THE TASK: Output exactly the lines from the line that has "De petits pots" through the last line of the data below, with no pictures.

AVAILABLE DATA:
--
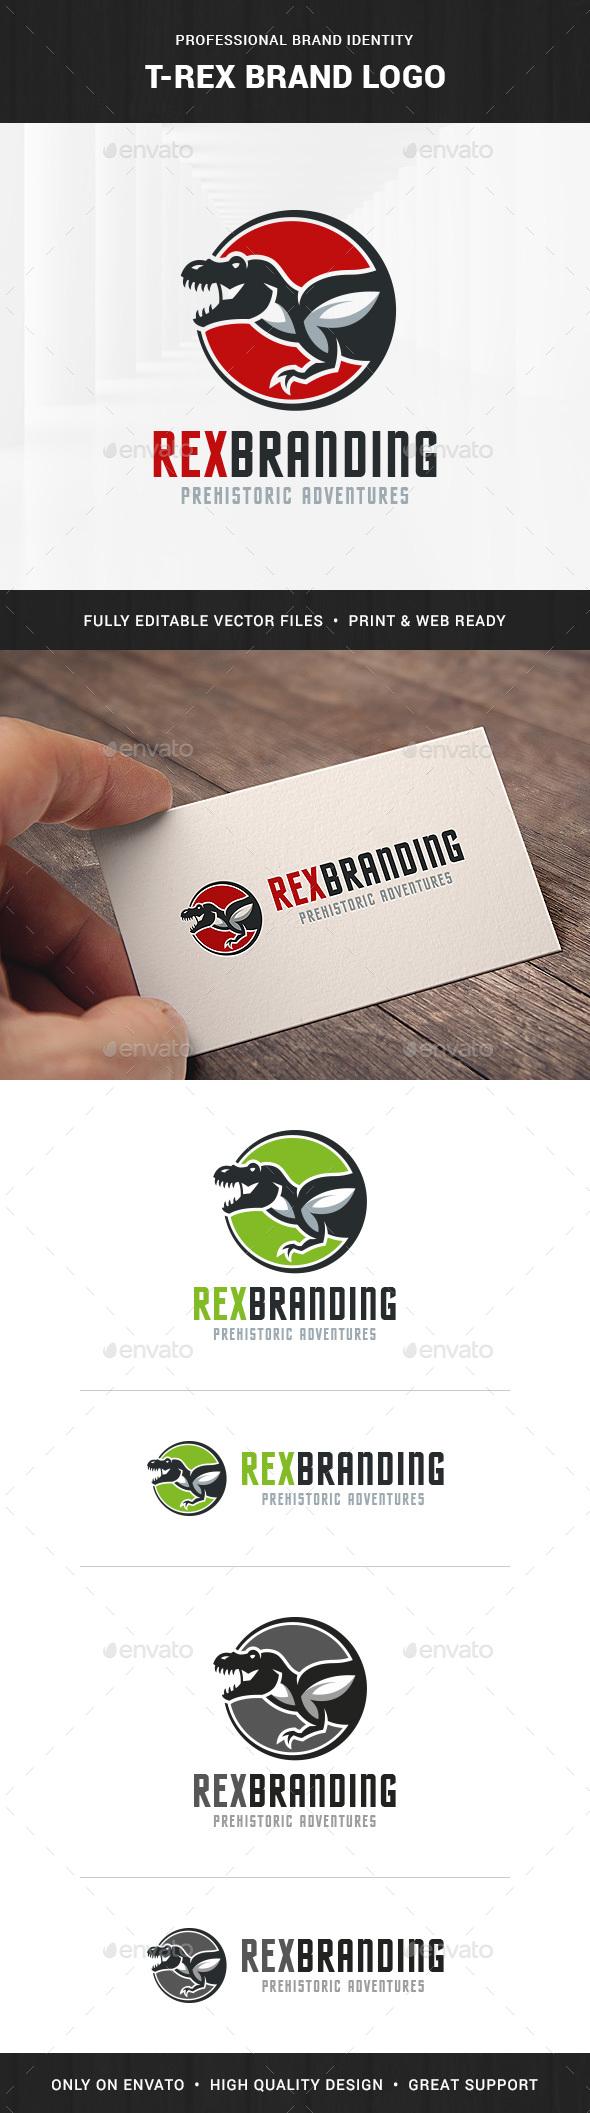 T-Rex Brand Logo Template
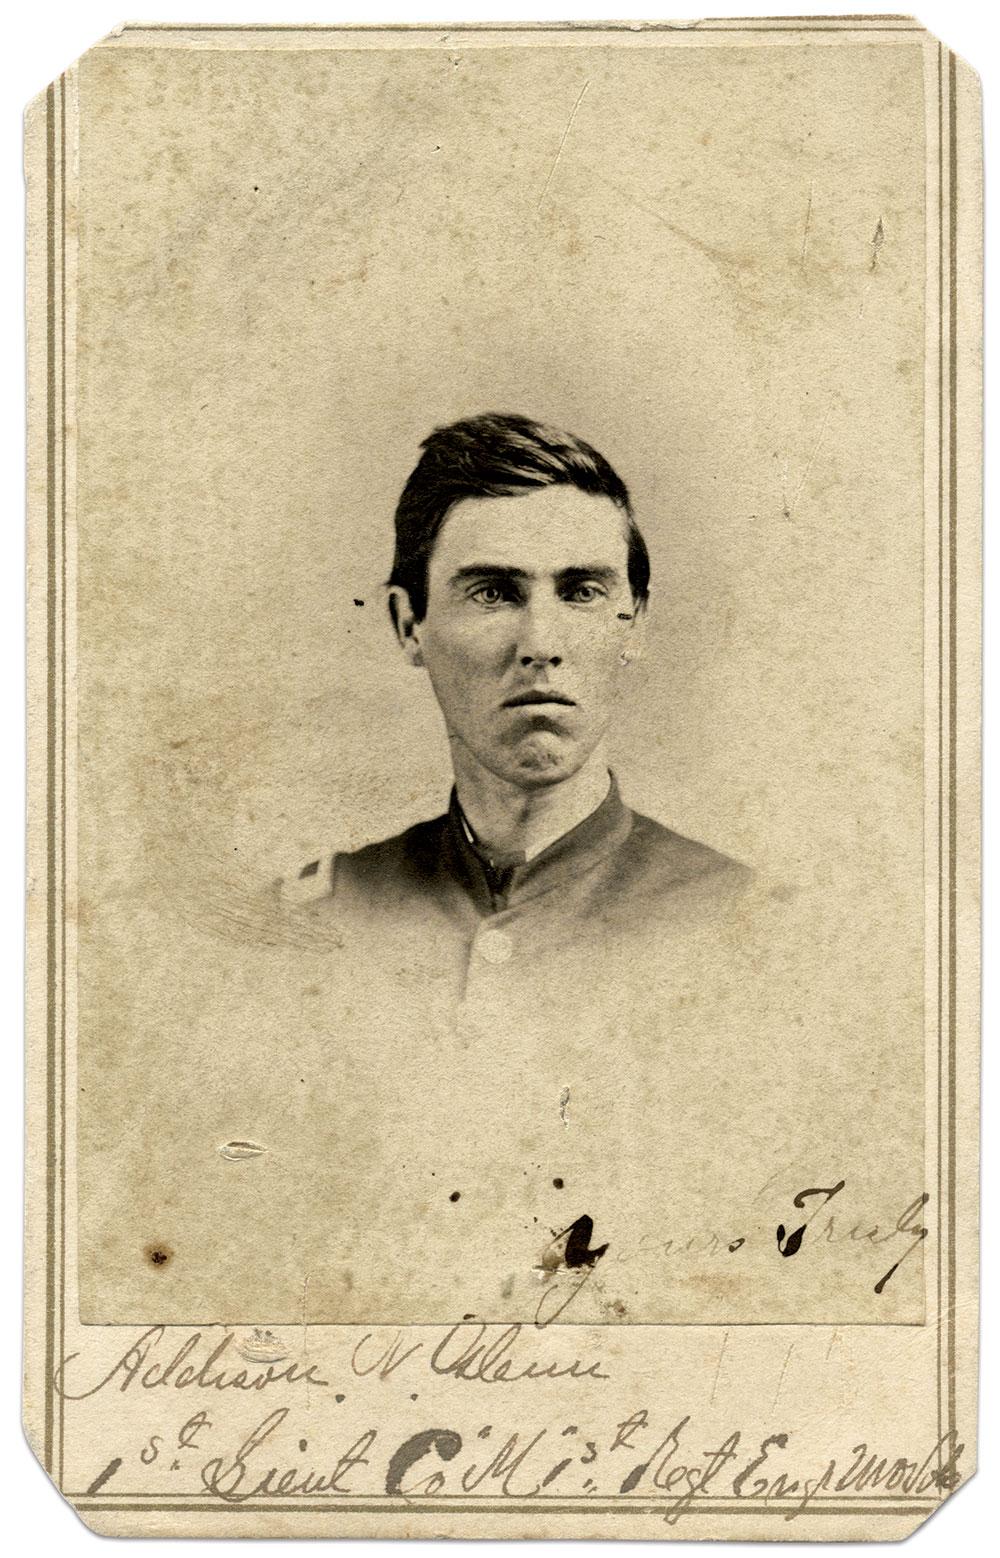 Carte de visite by Algenon S. Morse of Nashville, Tenn. Stan Hutson Collection.
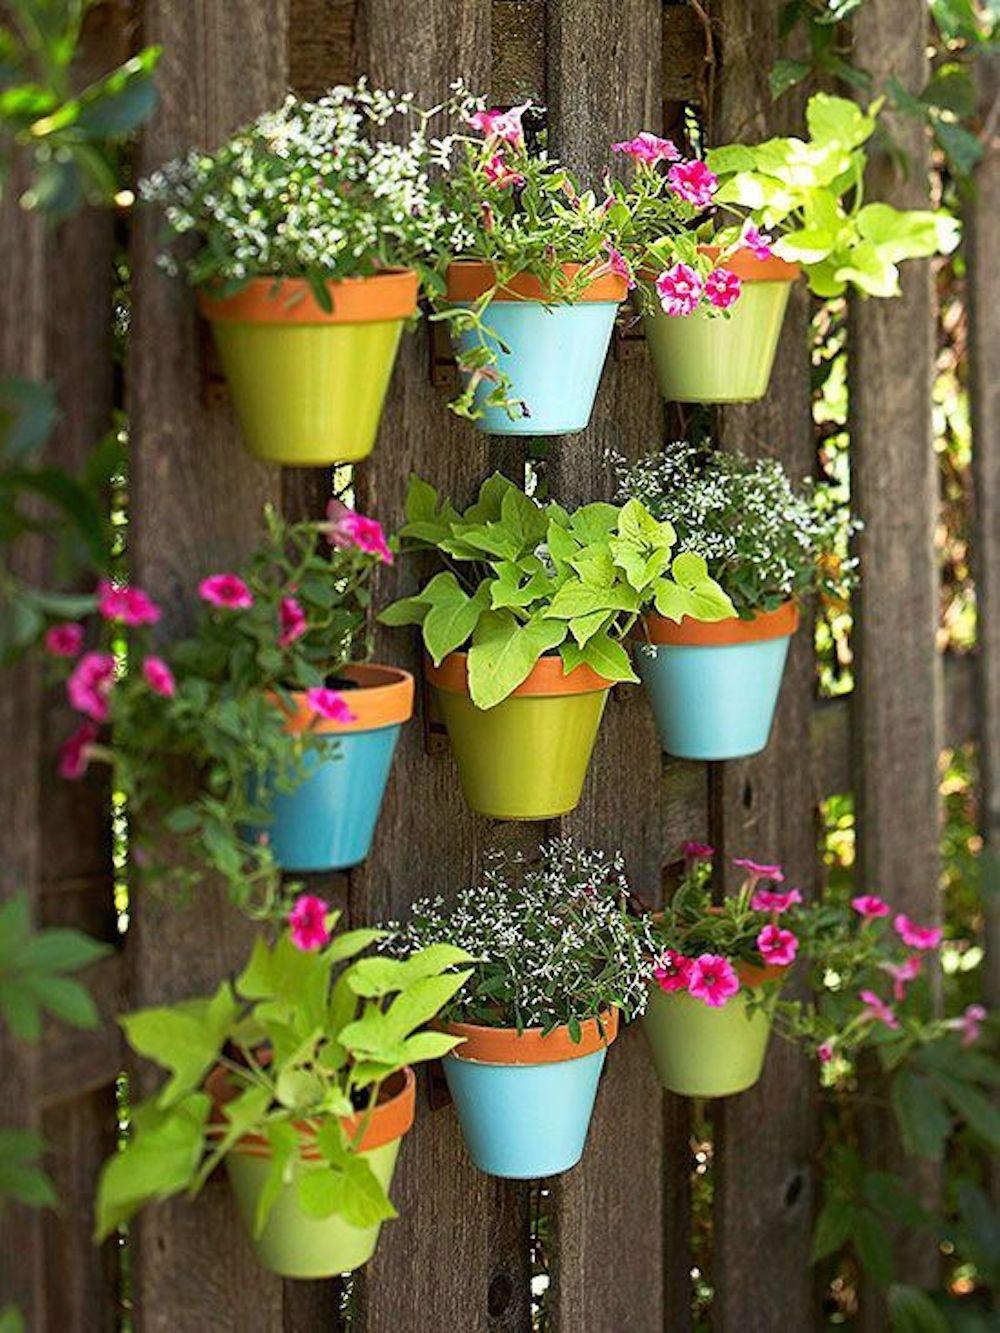 De petits pots en plastique avec des fleurs décoreront la clôture à la campagne
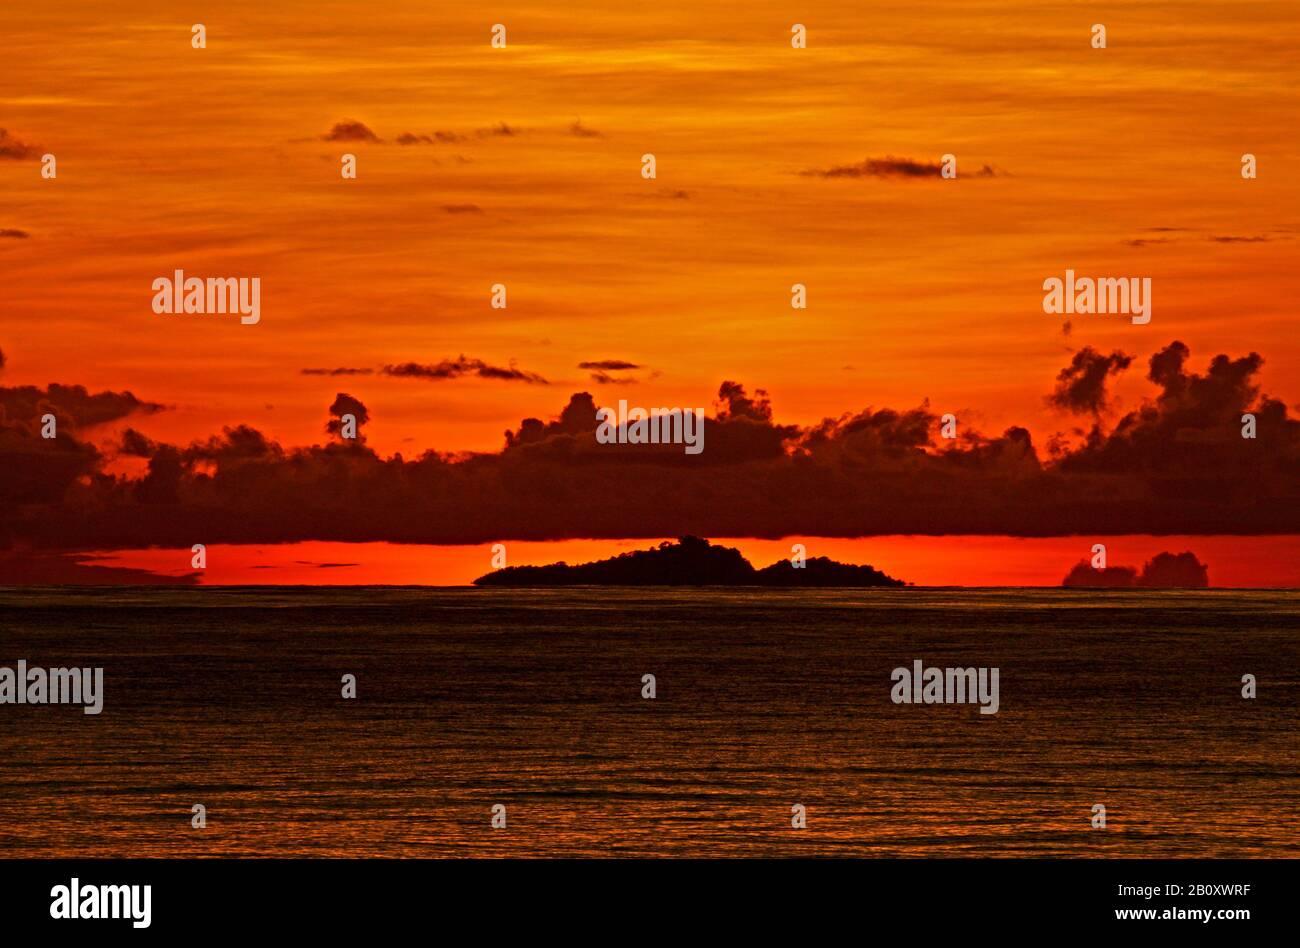 Puesta de sol en el mar entre Solomons y Micronesia, Islas Salomón Foto de stock
--
TASK RESPONSE:
 De petits pots en plastique avec des fleurs décoreront la clôture à la campagne
 Puesta de sol en el mar entre Solomons y Micronesia, Islas Salomón Foto de stock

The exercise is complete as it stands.